Calories132 kcal (7%)
Total Fat7.7 g (11%)
Carbs7.4 g (3%)
Sugars1.3 g (1%)
Protein9.5 g (19%)
Sodium638.2 mg (32%)
Fiber0.8 g (3%)
% Daily Values based on a 2,000 calorie diet

Instructions

Step 1
1. Turn a pan/wok on medium high and put the meat straight in there (My favorite is ground pork, but ground chicken/turkey are also fine, but the effect is a little different since they have less fat) If it’s pork, no oil, if it’s chicken/turkey, use a little oil. And literally just break it apart and cook the shit out of it for kinda a long time.
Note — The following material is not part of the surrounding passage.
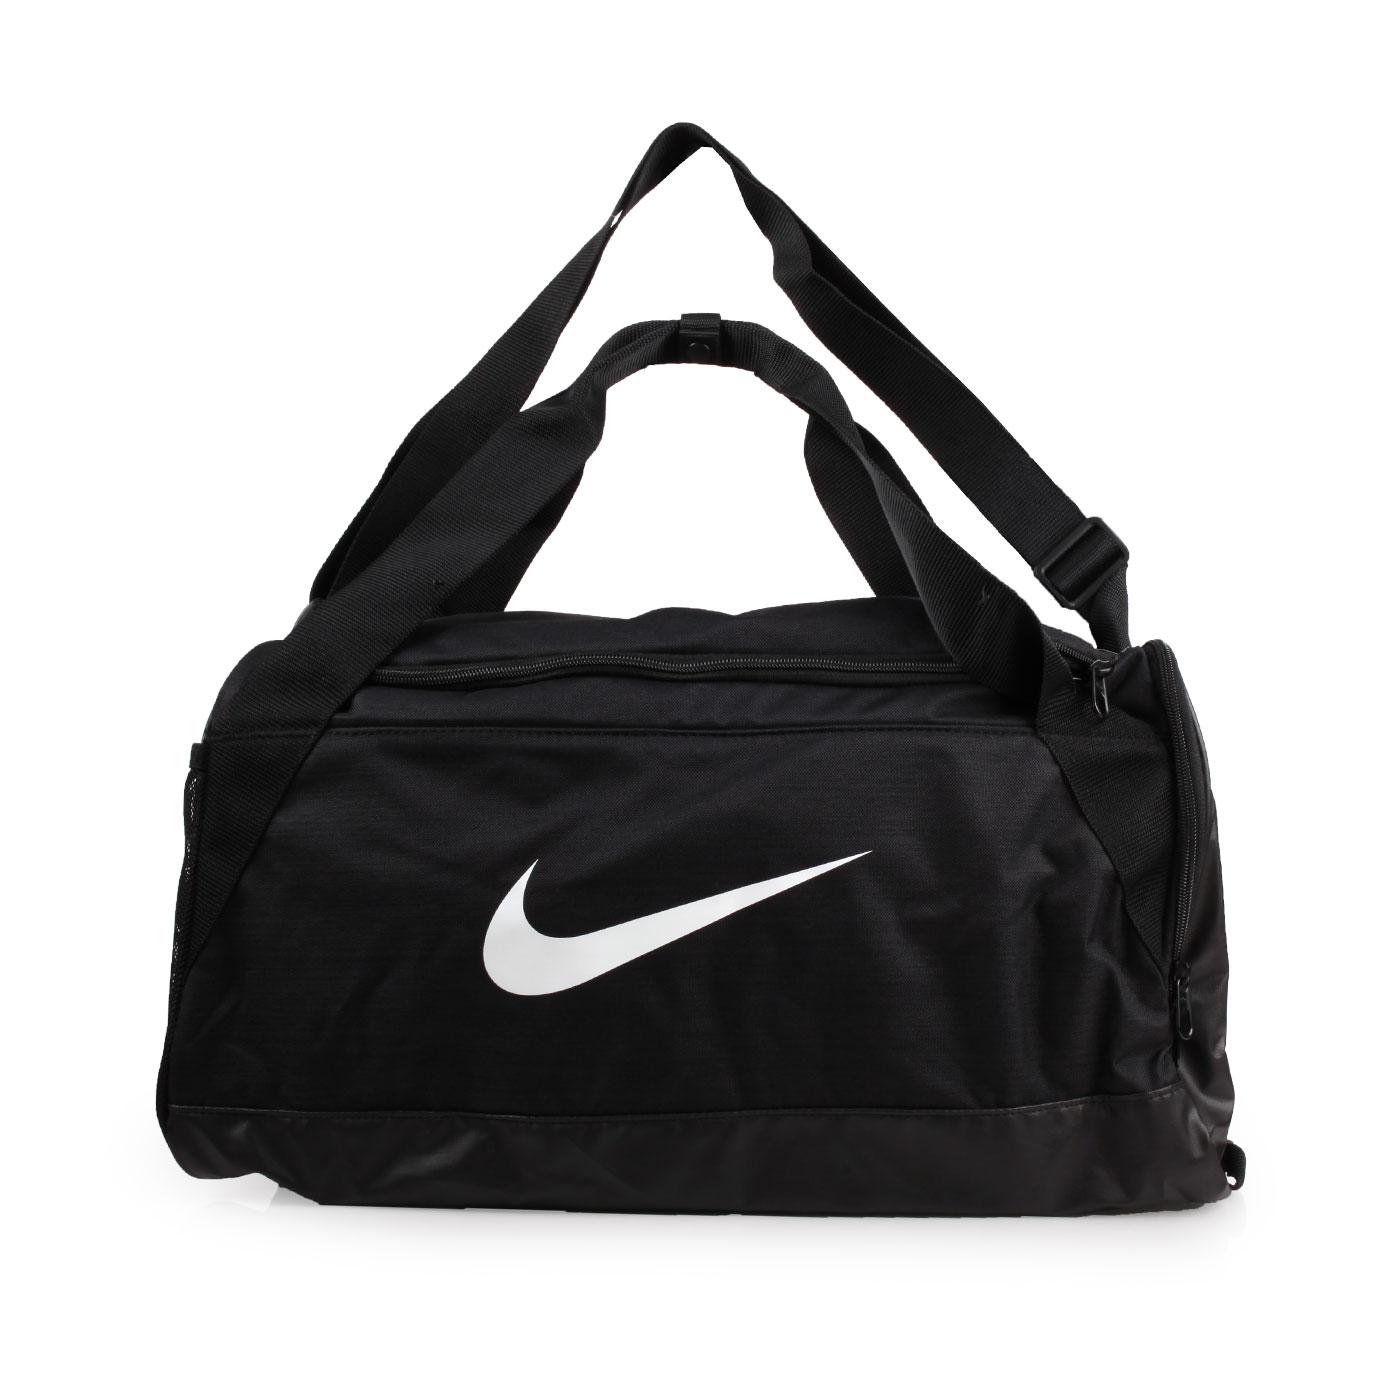 NIKE 訓練包 (旅行包 側背包 健身包 單肩包 手提袋【05481453】≡排汗專家≡

You want all the juices to release and evaporate until the meat is essentially frying in its own fat
Step 2
2. While it’s cooking down, mince some garlic and chilis if you have them.
Step 3
3. Then, at a certain point, the meat should be browned and have bits that are like crispy and charred, at that point, scoot the meat over so it’s out of the oil/fat and fry the garlic and peppers in the fat for a bit until the garlic begins to take color
Step 4
4. Mix together
Step 5
4.2 (Optional) If you’re looking for a more veggie loaded dish, you can also put the meat to the side and steam/sautee some veg/mushrooms, etc until wilted and then add the meat back into the pan
Step 6
5. Add like idk a drizzle of fish sauce and a drizzle of light soy sauce and mix. Taste for salt/flavor. Add more sauces as necessary
Step 7
6. Put some leaves of Thai basil in at this point and just stir fry until fragrant and combined. If you have other aromatics like green onions or yellow chives, those can go in at this time as well.
Step 8
7. Serve over rice. Feel free to top with cilatro, or other asian style herbs!